Louis de Valois woke in the dead of the night. The dream he’d been sent, certainly by God, was a clear inspiration. It seemed to him that he was flying and, when he looked down, he could see the whole of the kingdom of England spread out beneath him, beneath the tips of his wings. He was a bird. Not just a bird. An eagle. And then, coming at him out of the sun, was another eagle—huge, fierce, screaming. But he had fought that eagle and, though he himself had been almost mortally wounded, in the end he had found his opponent’s weakness. With a last slash of his beak he had ripped the enemy’s breast until it dripped blood to the earth far, far below. With a last defiant scream, his adversary had plummeted away, falling, fluttering, its life so clearly ebbing as it fell…
“Light! Light!”
Alaunce Levaux scrambled up from his truckle bed, which lay across the door of the king’s chamber. He’d taken a long time to get to sleep because the rushes were old, smelly, and lousy with fleas from the king’s dogs, and they were heaped up far too close to his face. And now, finally, just as he’d been visited by oblivion…
“I’m here, master; here I am.”
Levaux always slept fully dressed.
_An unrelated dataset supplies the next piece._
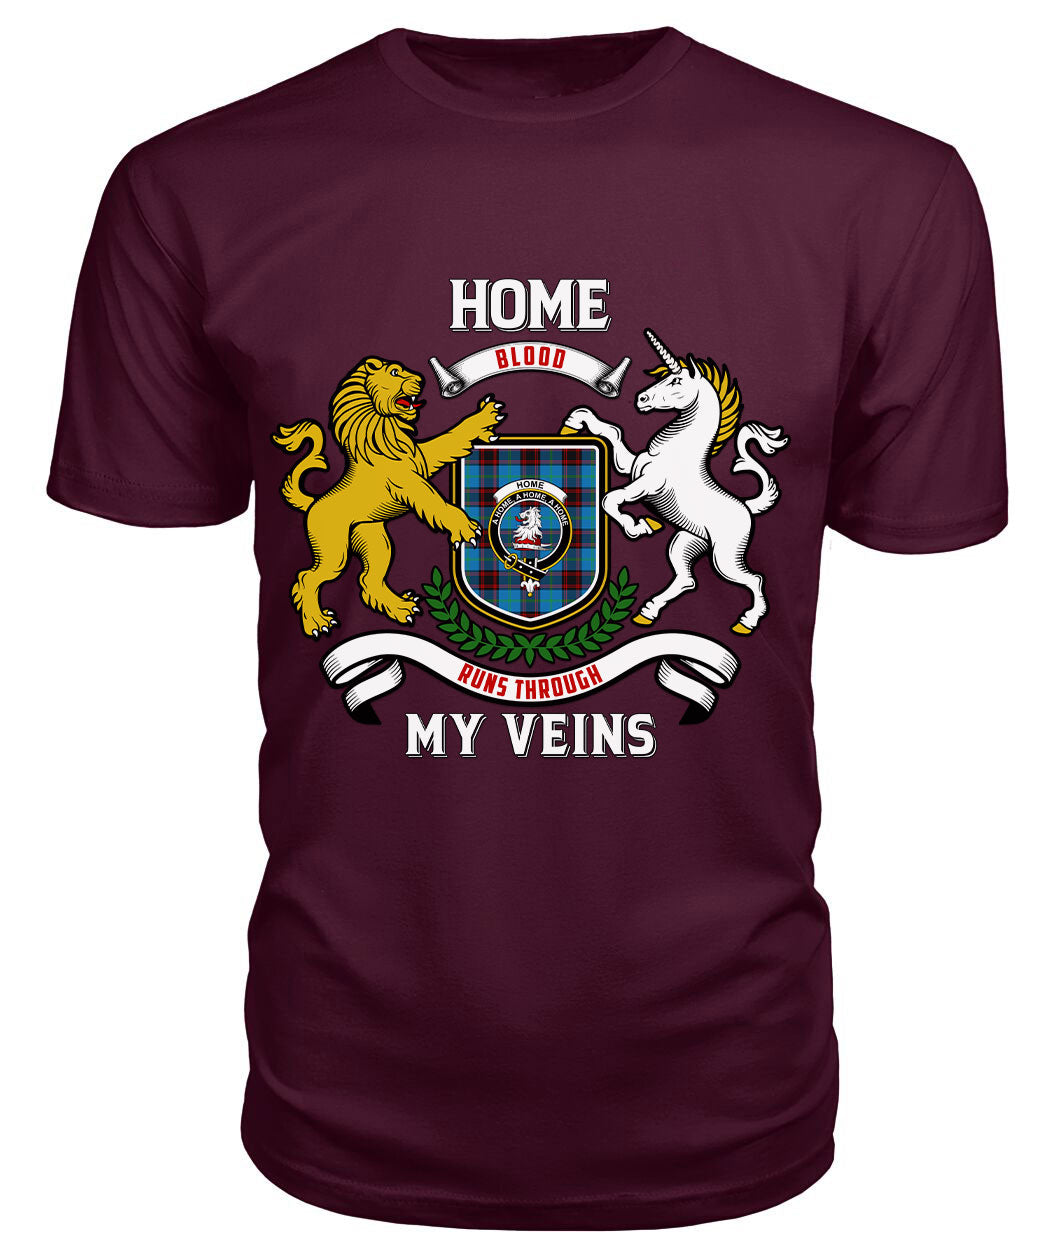 Home Ancient Tartan Crest 2D T-shirt - Blood Runs Through My Veins Style

He’d learned from long experience that his master woke from restless sleep very often and he was heartily sick of the embarrassment—and the cold—of waiting on the king night-naked. It was the work of a moment to strike flint and light the candle he kept ready in a silver dish beside the king’s bed.
The king snorted; his impatience was caustic. Levaux was getting old. And slow. Just like his master.
“Get me the monk.”
Levaux was fuddled with the rags of sleep. “The monk, Your Majesty? Which…?”
The king roared, “The monk! Agonistes. I want Brother Agonistes. Now!”
That tone of voice meant many things: death, destruction, bad digestion. Levaux fled the room like a wraith but Louis’s words followed him. “He’s to go to the court of that usurper. Tell him that! I want information, do you hear? Information! There must be a way to wound that regicide, to hurt him where he least expects to be hurt. The monk will find a way. He’s to leave tonight. Immediately. Go! Do this or remember well the cage, Levaux. Remember the cage!”
Levaux scuttled away. He would do his master’s bidding, certainly he would, but the king was clutching phantoms to his breast for comfort. It was high summer in France but the world had turned dark for Louis, as everyone at court now knew. Certainly, a fragile three-month truce was in place with Burgundy—but that was only because Louis’s dreams of influence over the destiny of England had disappeared with Warwick’s death and the defeat of his cousin, Queen Margaret. Louis was nothing if not pragmatic.
But what could the monk do in the face of such events? What difference could he possibly make if he went to the court of King Edward in England? Levaux shook his head as he stumbled through the darkened palace. He hated nights like this. He would have to wake le Dain, and the barber loathed being woken in the night—it made him frightened. And fear made the king’s chief confidant savage.
Omens. Very bad omens everywhere. Especially since he, and he alone, knew the secret that le Dain was hiding from the king. No doubt it would come out, in time, then… Heaven protect them all. Meanwhile, he would keep his head down and do what he was told. Obedience might save him for a little while longer, God willing.